It’s been a year now since Trump was elected president. No matter what your party affiliation, or non-affiliation, this year-old administration has caused many to feel trepidation and uncertainty about the future.
In his farewell address to the nation last year, Barack Obama said “at our core we will be OK.”
Driving home from work in 7 AM Honolulu traffic, I sometimes feel myself slowly getting depressed as I listen to NPR radio, realizing that the same tragedies continue a year later: the Rohingya genocide, the melting of the arctic ice, the threat of nuclear holocaust, tax reform that just makes the wealthy wealthier and punishes the middle class.
I think about what Obama said last year—not only will we be OK, but we are, at our core, OK. I flash on the words of the 14th century Christian mystic Julian of Norwich, that T.S. Eliot borrowed for Little Gidding, and which the late Indian Jesuit Priest Anthony de Mello uses here:
“All mystics are unanimous on one thing: that all is well, all is well. Though everything is a mess, all is well. Strange paradox, to be sure. But, tragically, most people never get to see that all is well because they are asleep. They are having a nightmare.”
This mindfulness path we are treading together, we often hear, leads to s spiritual awakening – a waking up of from this sleep de Mello mentions above, which for some is one long, tedious nightmare.
I think some of the depression I feel comes from feeling helpless to do anything meaningful about what is so messed up in the world right now. I sometimes feel angry and indignant.

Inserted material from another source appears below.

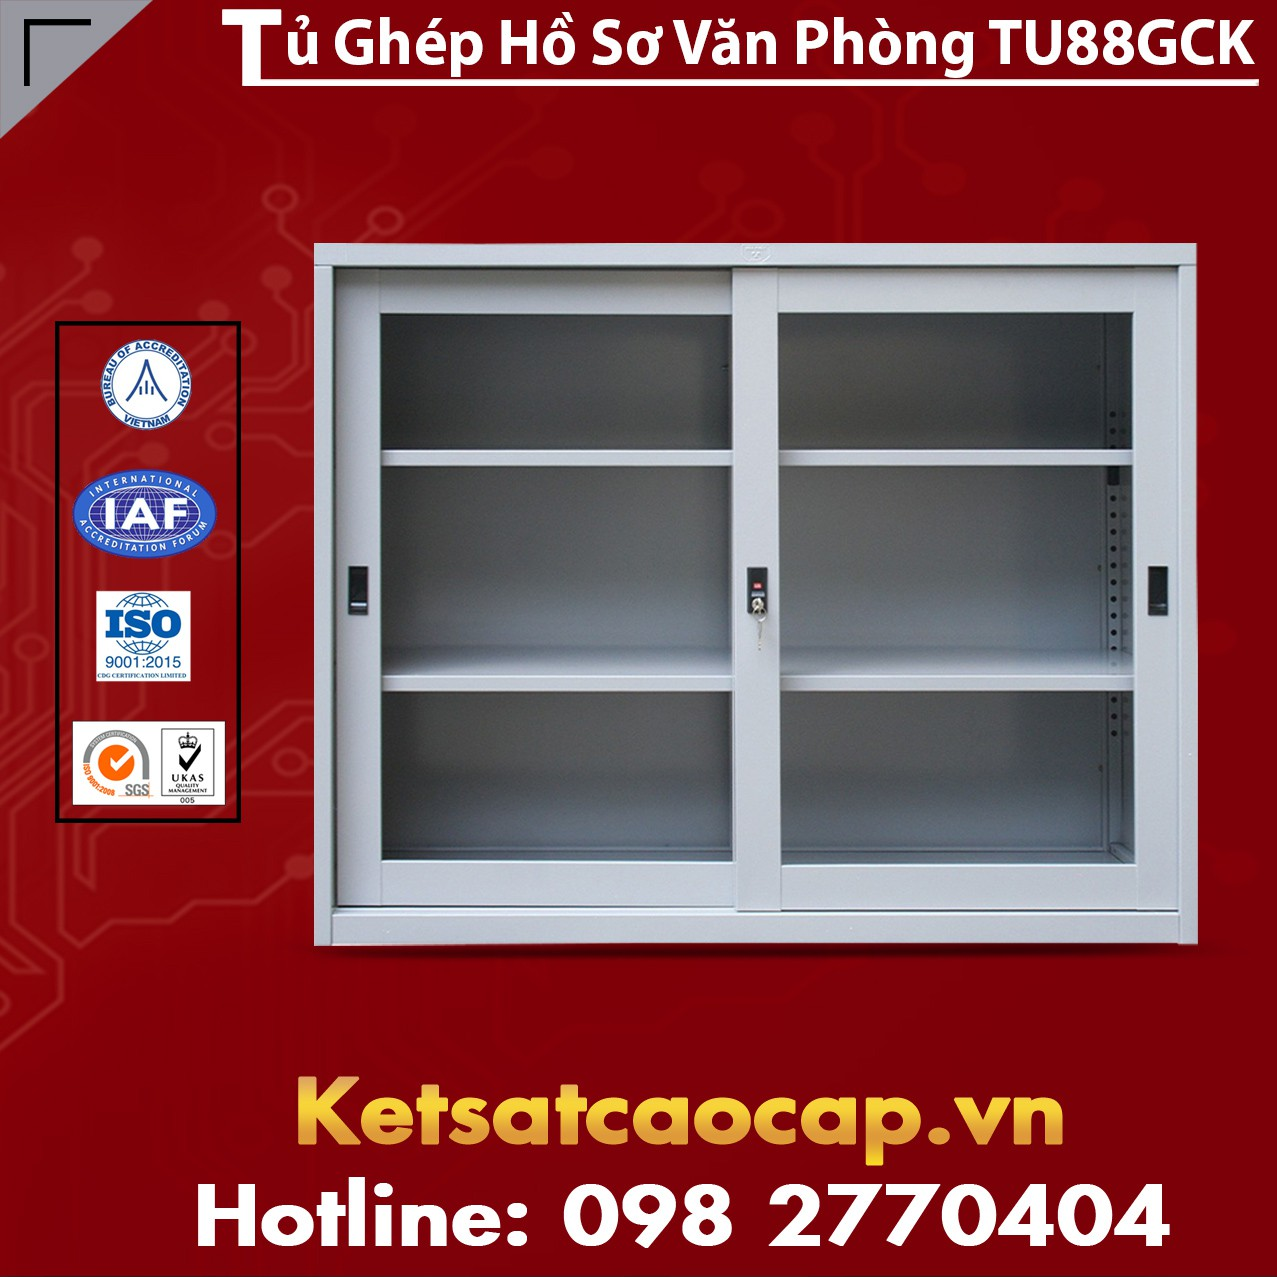 Tủ Ghép Hồ Sơ Văn Phòng TU88GCK

Robert Thurman (Uma’s father and professor of Indo-Tibetan Studies at Columbia University) wrote a piece in Tricycle Magazine soon after Bush beat Gore back in the year 2000 in which he wrote:
“People are afraid that if they let go of their anger and righteousness they’re going to lose the energy they need to do something about the problem. But actually you get more strength and energy by operating from a place of love and concern. You can be just as tough, but more effectively tough. It’s like a martial art.”
I think our so-called “outer work” is to do something skillful, to speak meaningfully, and forcefully if necessary, but coming from a place of kindness, this “place of love and concern.” Our outer actions will have more impact because we are not coming full bore out of anger and resentment.
Thurman, again, says it perfectly:
“Hatred is so off balance. You blow your adrenals in one minute, and then you’re shaky and weak. But if you’re joyful, you’ll get an endless source of energy.”
But how can you be joyful when things are so messed up? To be sure, this is tough work, confronting our own anger and depression. No one said finding this place of joy in the midst of the world was going to be easy.
We start with baby steps on our cushion – little by little undoing the identification with thoughts, emotions and feelings that blind us to the naturally loving and radiant essence of ourselves and others. There will be moments when we surrender our deepest held views and opinions, and just let go and forgive.
In these moments we “summon our character” as the rapper and poet Dessa writes in her poem “Mercy” (from her book A Pound Of Steam, Rain Taxi Press)
is to summon your character,
red-eyed and sober
and command it to behave
against the current of your instinct,
to reach up and
take down your own flag.
To forgive is to make a snow angel out of sawdust
Beneath the bench where they are shaving down your pride.
Meditation offers us these moments of grace and blessing. We just have to be open to receive them, and discover the freshness and vitality of this world free from our social media freak outs and cynicism.
I confess it has been slow going for me, like developing an acquired taste, bitter at first, then all the more tasty and nourishing with each bite. Joy, ease and contentment truly provide the foundation of our spiritual life.
This ultimately is joyful work.
Relish these moments of joy on and off the cushion, for the sake of all beings.